---------- SUPPLIED INFORMATION
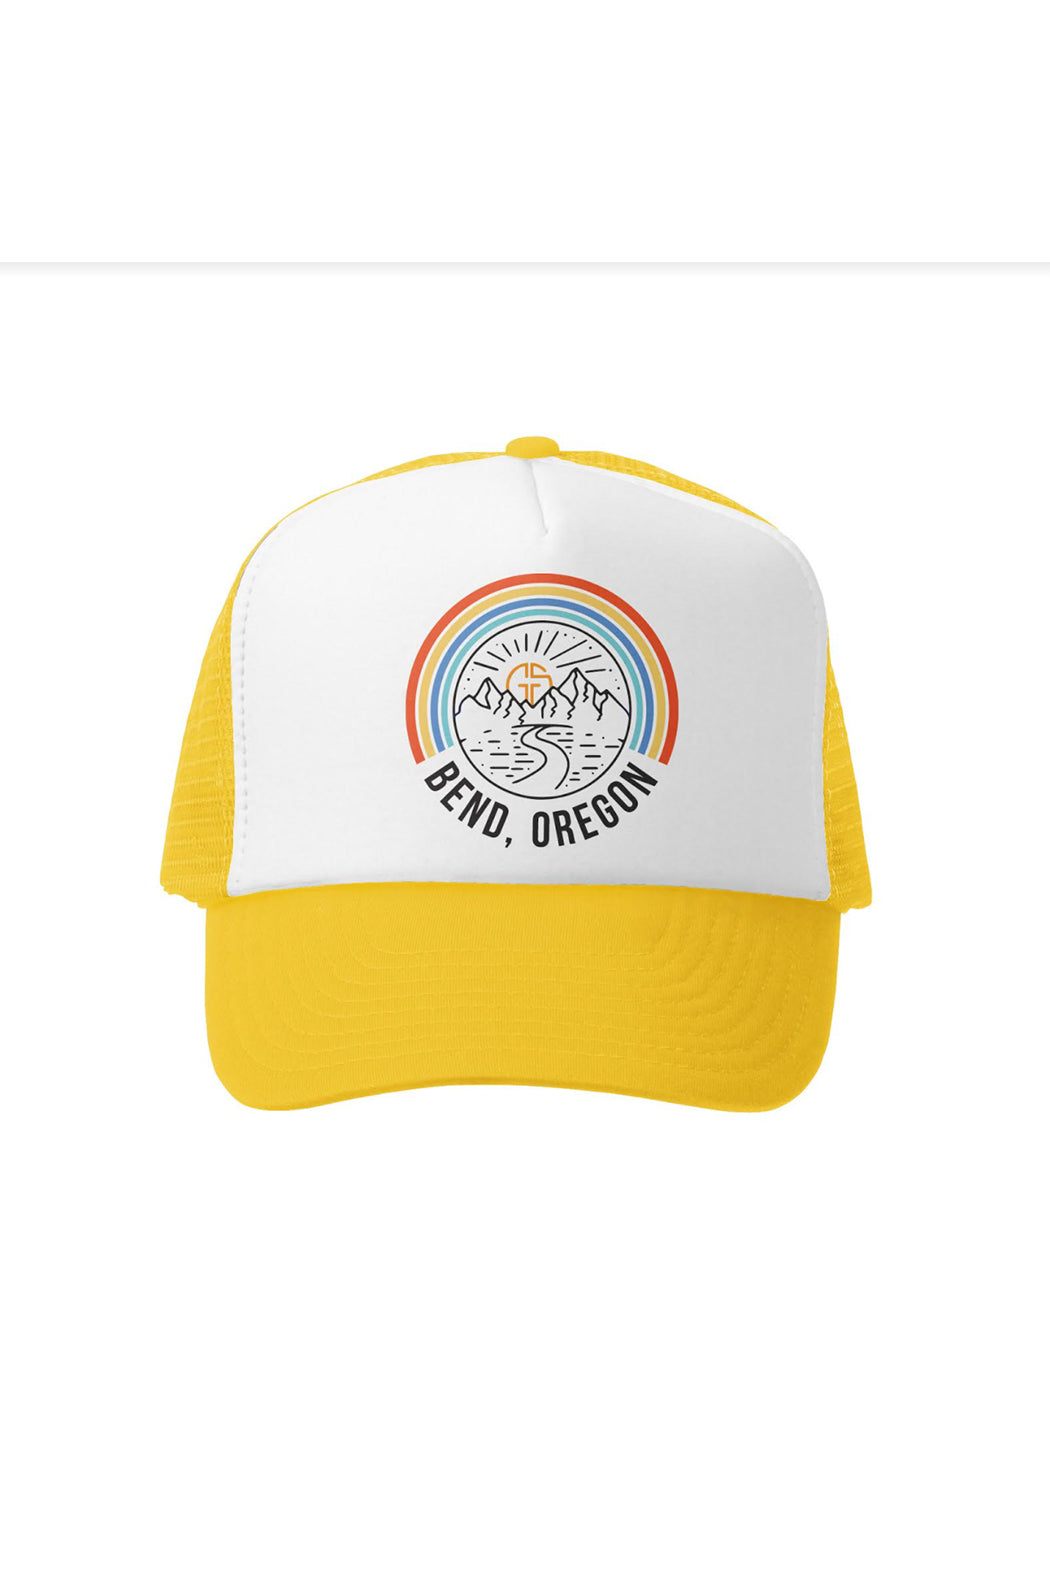 Grom Squad Bend Oregon Trucker Hat
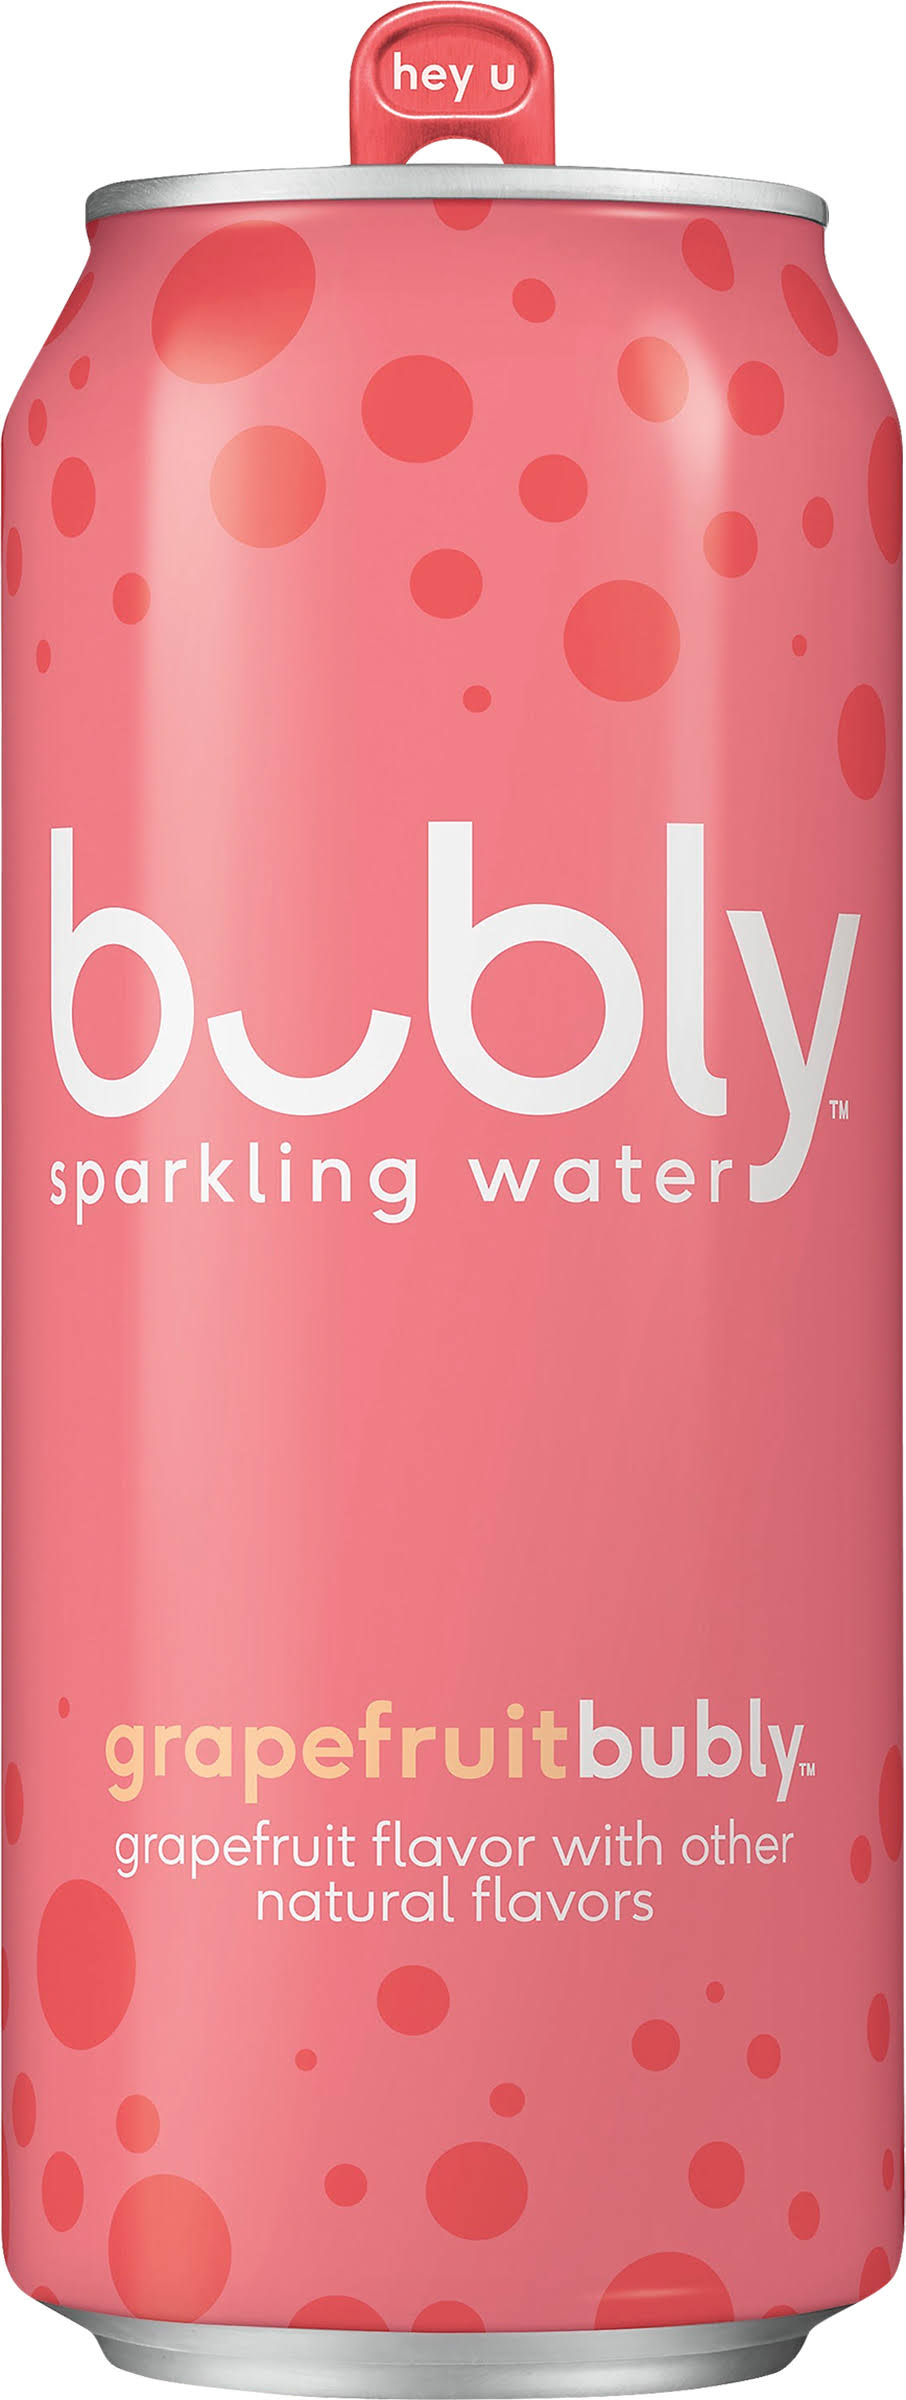 Bubly Sparkling Water, Grapefruit - 16 fl oz
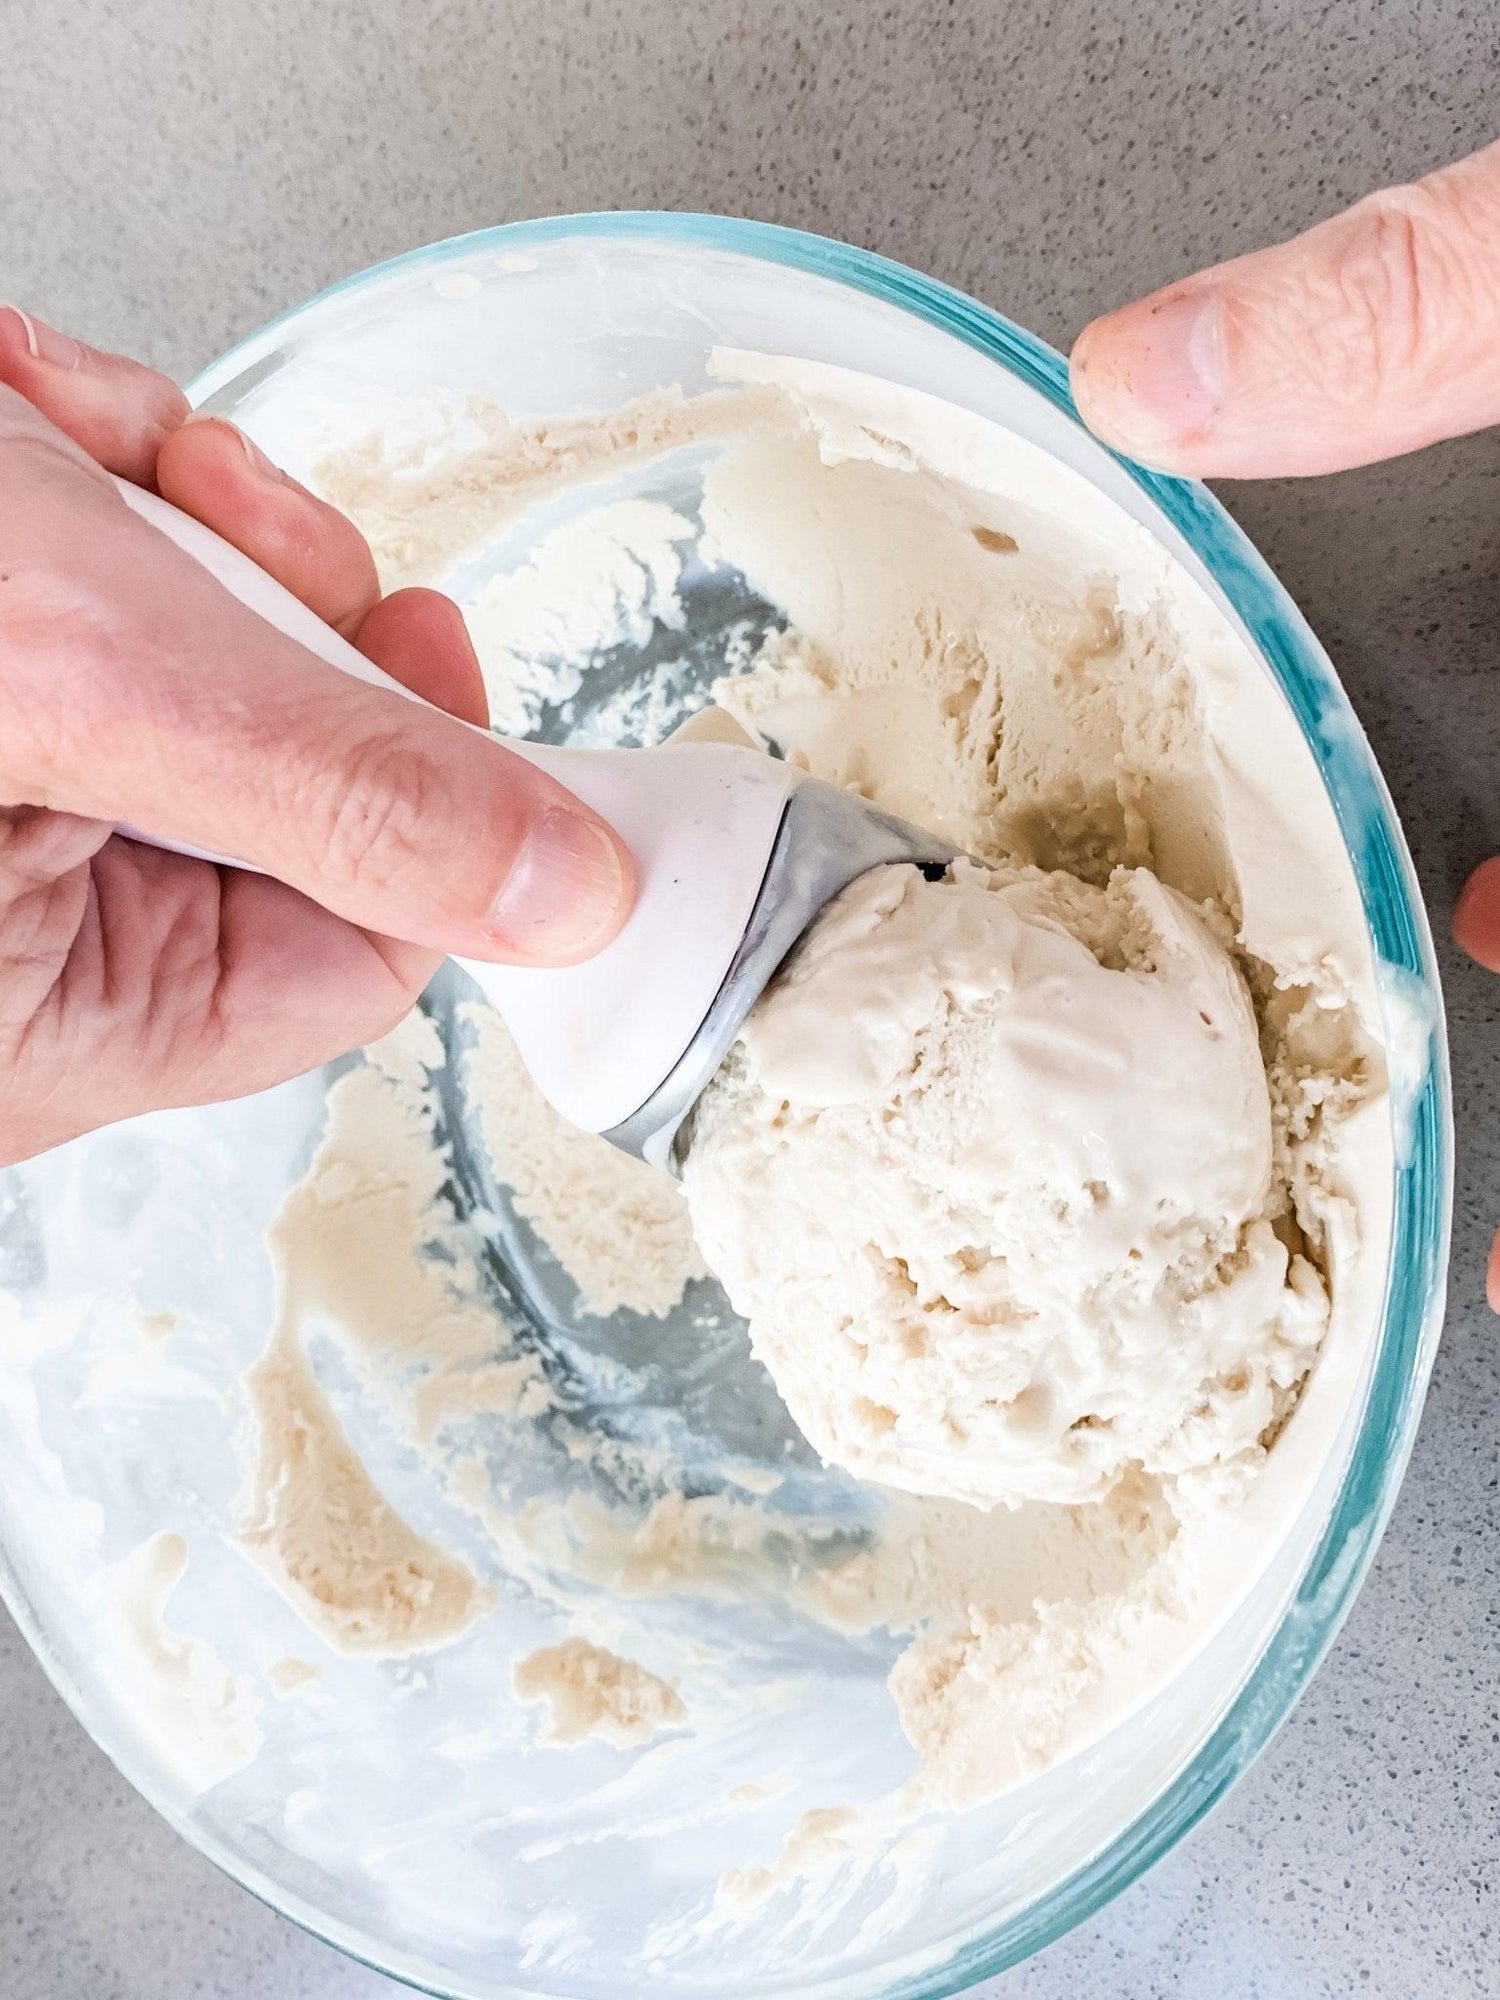 Creating Unique Ice Cream Flavors with Tea - Lavender Life Company
--------------------
◆ REQUIRED WORK
Each line of the listing is to be retyped exactly, and its pictures are to be dropped.

◆ RESPONSE BELOW
 Grom Squad Bend Oregon Trucker Hat
 Bubly Sparkling Water, Grapefruit - 16 fl oz
 Creating Unique Ice Cream Flavors with Tea - Lavender Life Company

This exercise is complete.